Bronchoscopic biopsies - a novel source for primary airway epithelial cells in respiratory research

Kimberly Barbet #  1 Mona S Schmitz #  2   3 Dirk Westhölter  1 Markus Kamler  4 Stephan Rütten  5 Anja L Thiebes  6 Barbara Sitek  7   8 Malte Bayer  7   8 Michaela Schedel  1   9 Sebastian Reuter  1   10 Kaid Darwiche  11 Anja E Luengen  1 Christian Taube  1
Affiliations

Bronchoscopic biopsies - a novel source for primary airway epithelial cells in respiratory research

Kimberly Barbet et al. Respir Res. .

Abstract

Background: Using primary airway epithelial cells (AEC) is essential to mimic more closely different types and stages of lung disease in humans while reducing or even replacing animal experiments. Access to lung tissue remains limited because these samples are generally obtained from patients who undergo lung transplantation for end-stage lung disease or thoracic surgery for (mostly) lung cancer. We investigated whether forceps or cryo biopsies are a viable alternative source of AEC compared to the conventional technique.

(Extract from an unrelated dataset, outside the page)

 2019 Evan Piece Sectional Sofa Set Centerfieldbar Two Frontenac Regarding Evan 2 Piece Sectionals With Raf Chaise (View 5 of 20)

Methods: AECs were obtained ex vivo from healthy donor lung tissue using the conventional method and two biopsy procedures (forceps, cryo). The influence of the isolation method on the quality and function of AEC was investigated at different time-points during expansion and differentiation in air-liquid interface cultures. In addition, fully-differentiated AECs were stimulated with house dust mite extract (HDM) to allow functional analyses in an allergic in vitro model. Vitality or differentiation capacity were determined using flow cytometry, scanning electron microscope, periodic acid-Schiff reaction, immunofluorescence staining, and proteomics.

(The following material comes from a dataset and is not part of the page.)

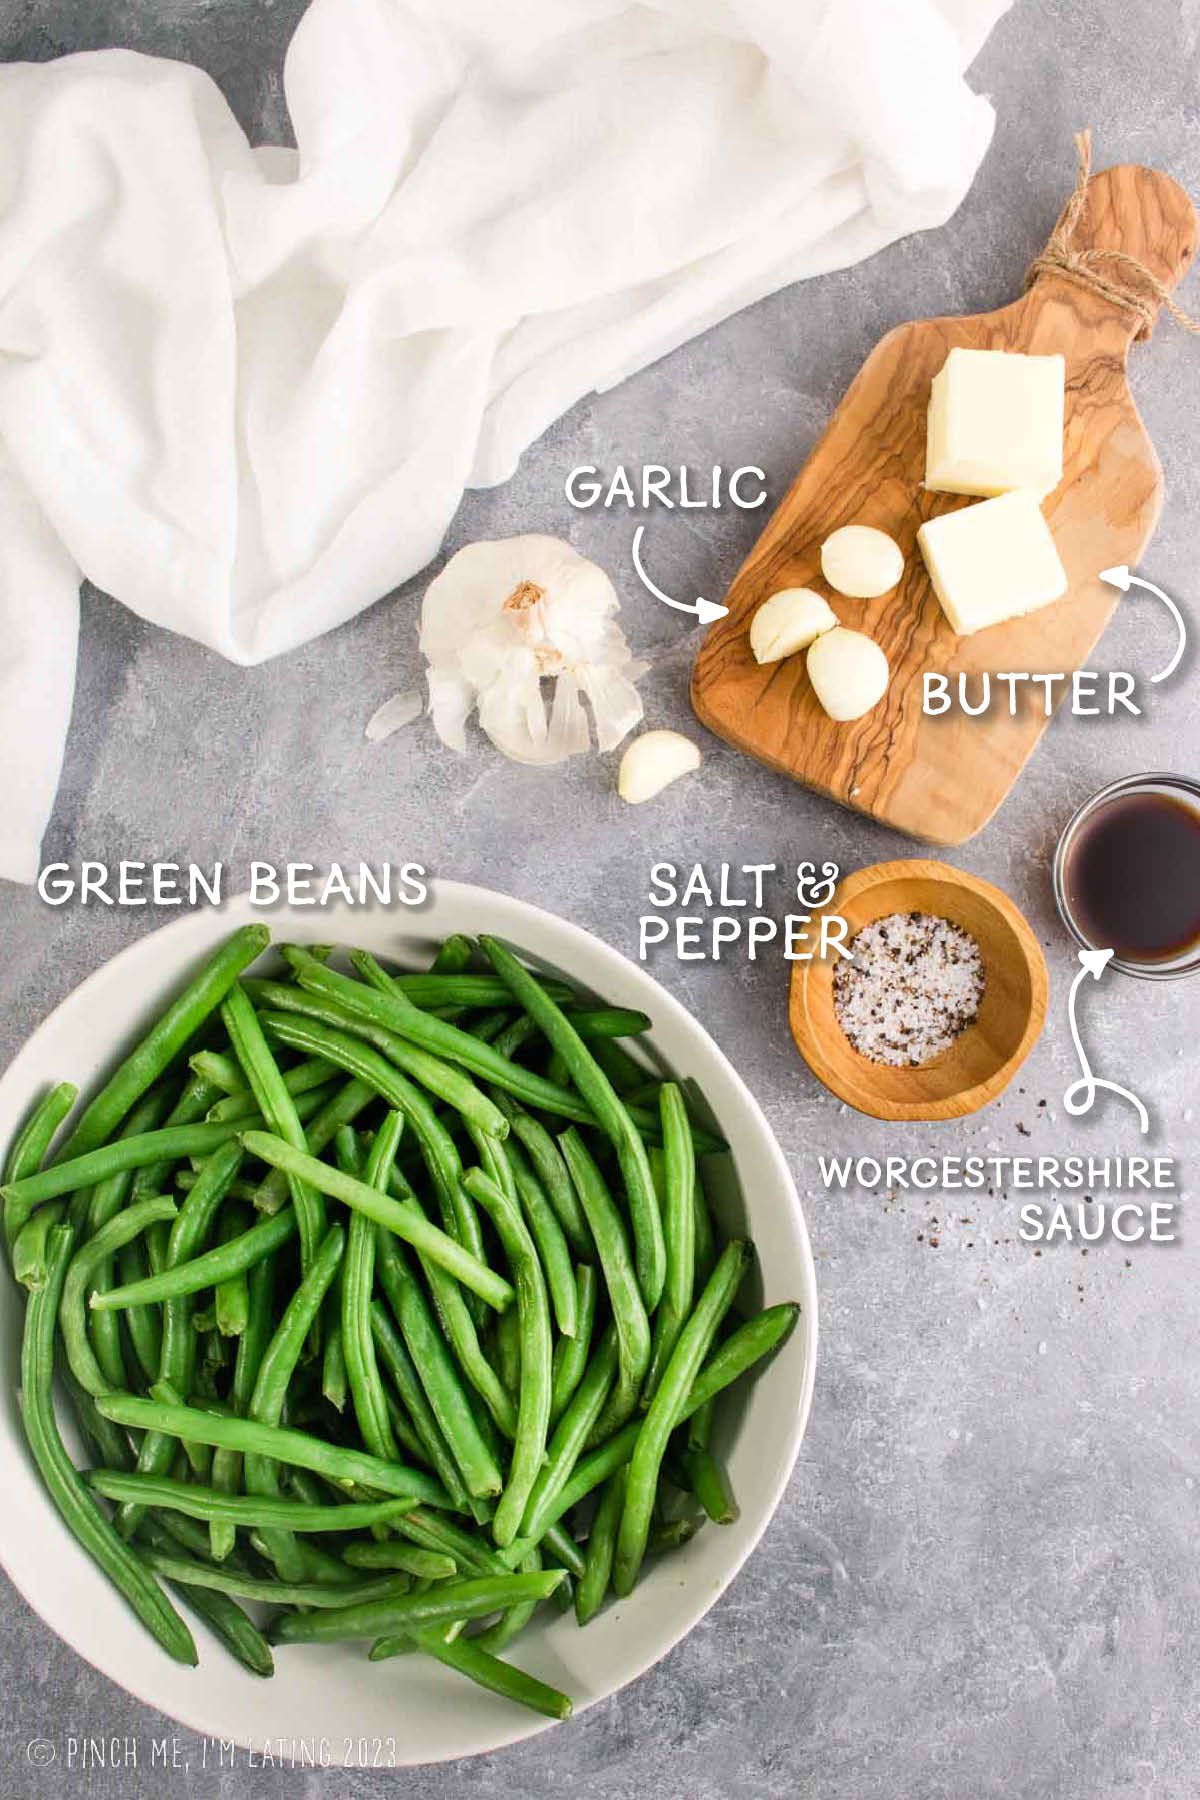 Ingredients for steakhouse style garlic butter green beans.

Results: As anticipated, no significant differences between each of the sampling methods were detected for any of the measured outcomes. The proteome composition was comparable for each isolation method, while donor-dependent effects were observed. Treatment with HDM led to minor differences in mucociliary differentiation.

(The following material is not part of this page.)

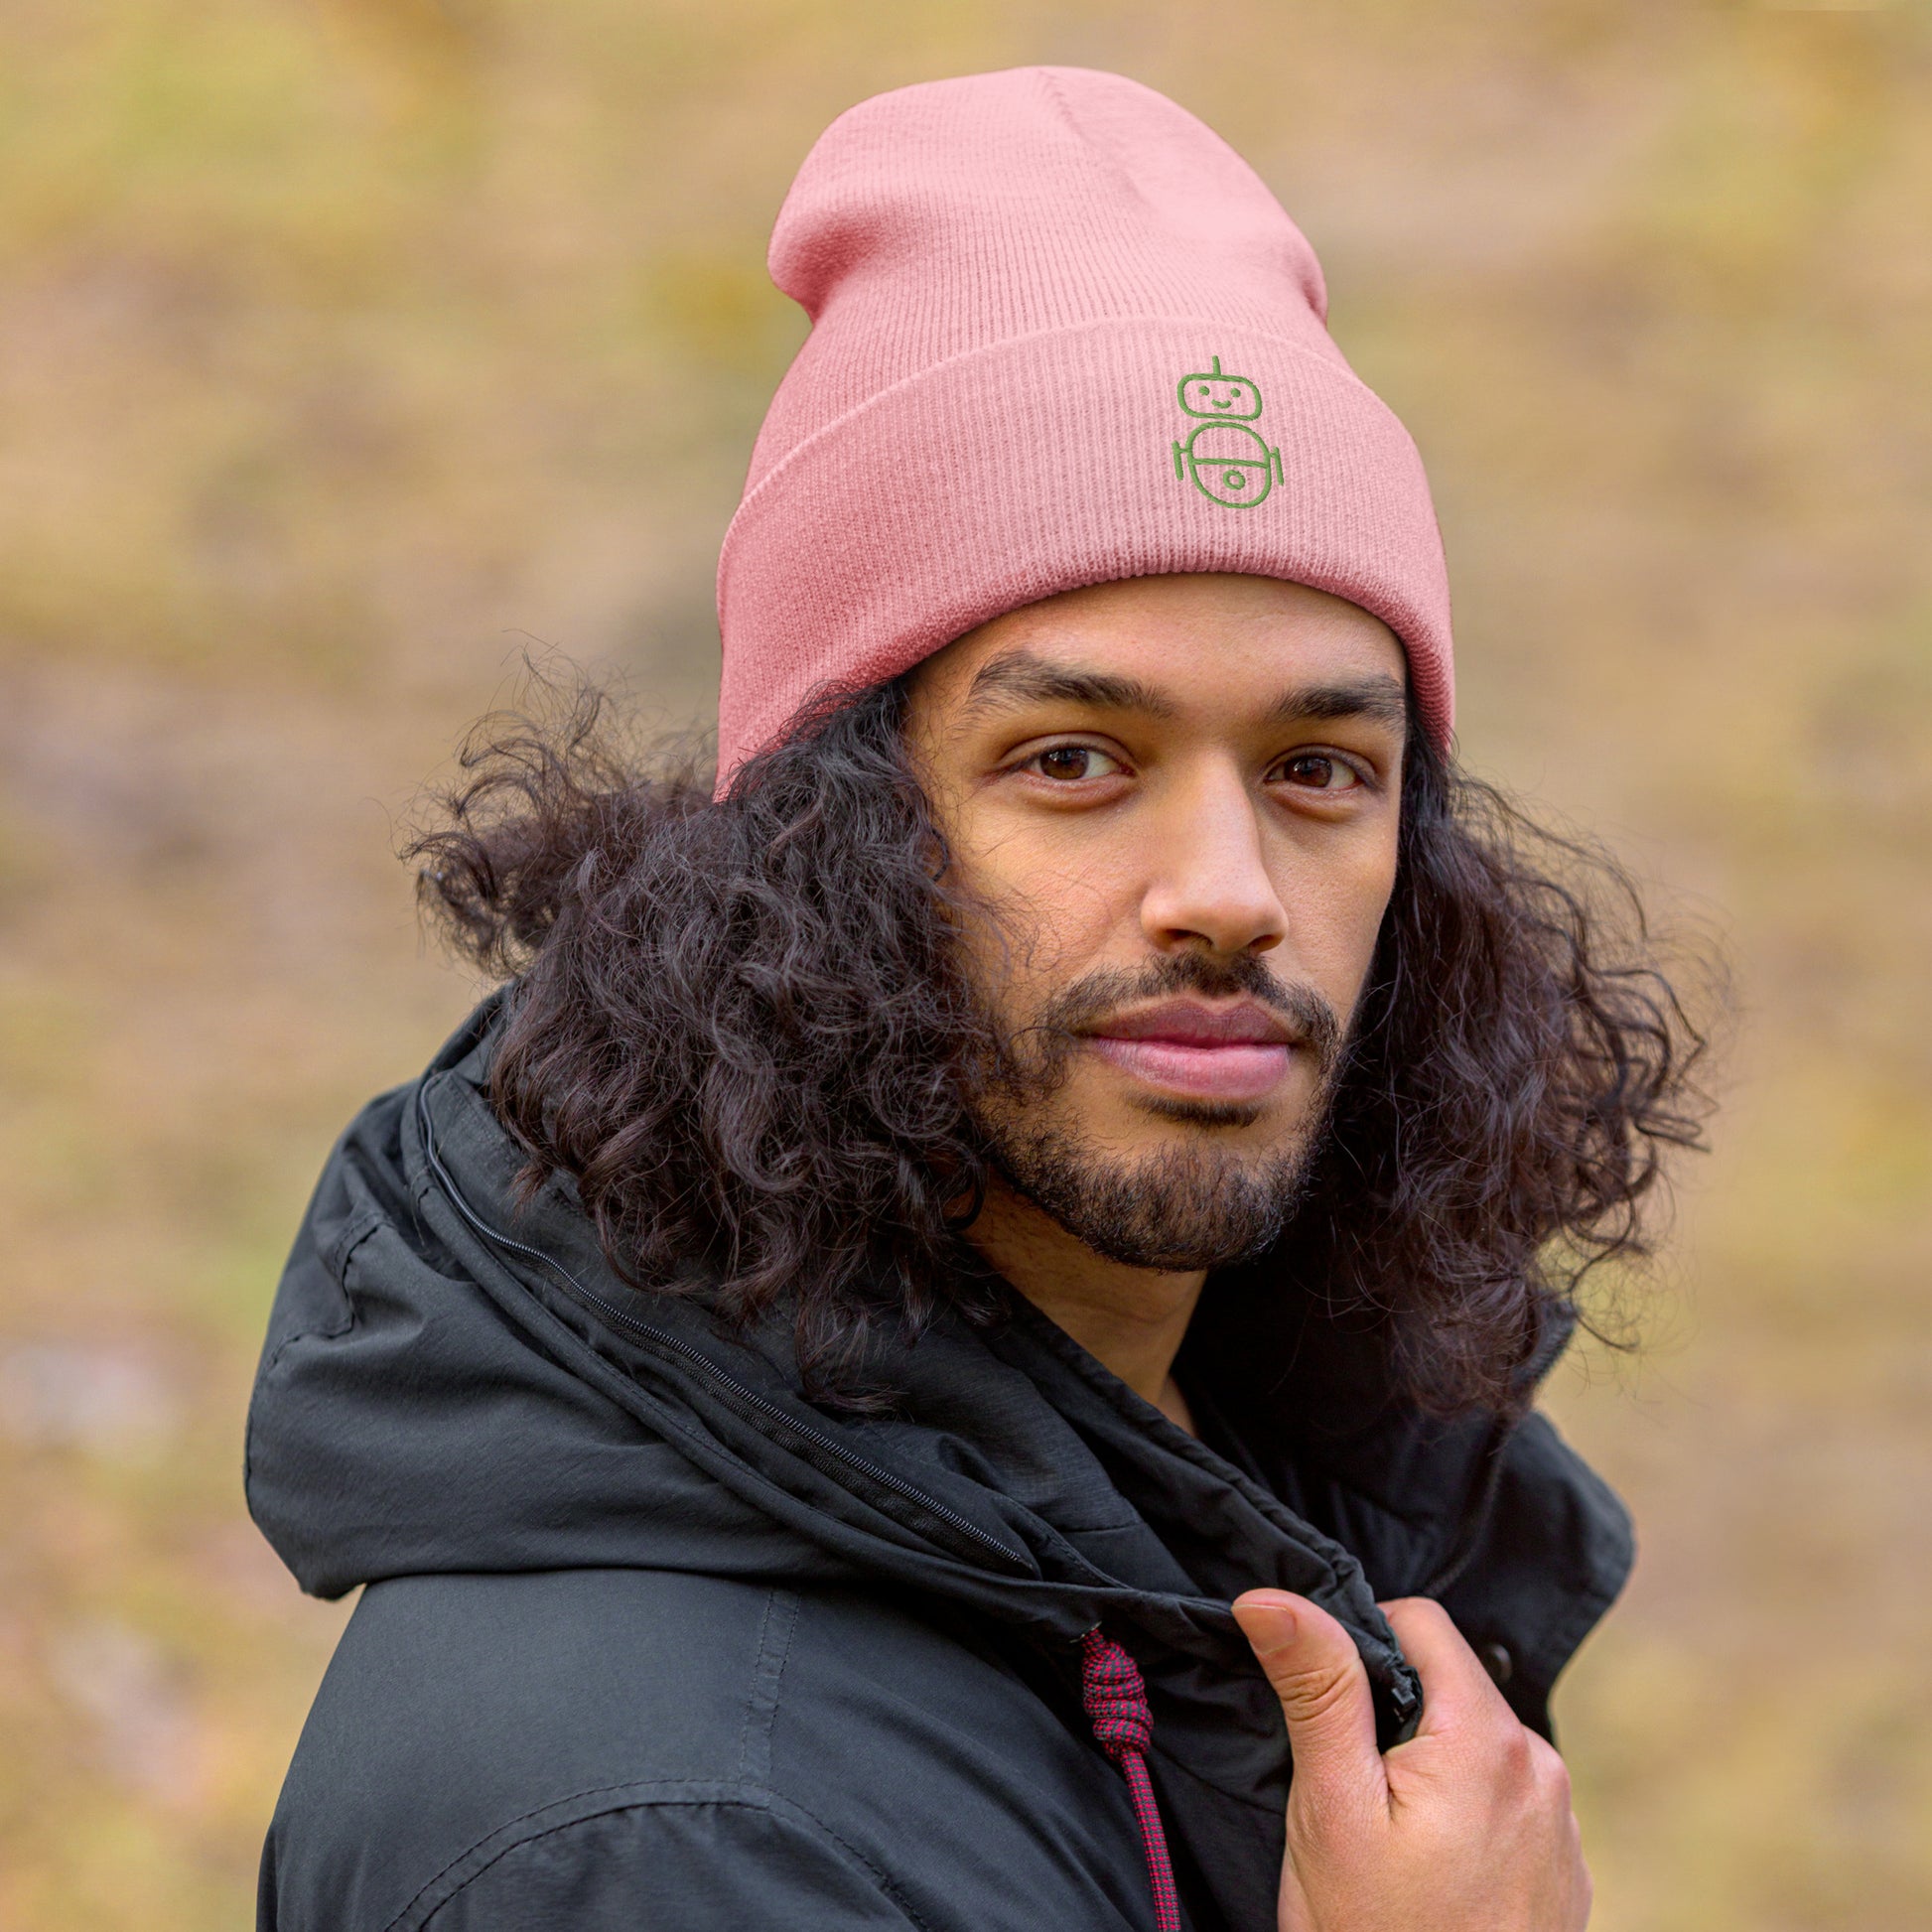 Men with pink beanie and Android logo in green

Conclusions: Our findings confirmed the adequacy of these alternative approaches for attaining primary AECs, which can now expand the research for a broader range of lung diseases and for studies at an earlier stage not requiring lung surgery.

Keywords: 3R-principle; Air-liquid interface; Cryo biopsy; Forceps biopsy; In vitro disease-model; Primary airway epithelial cells.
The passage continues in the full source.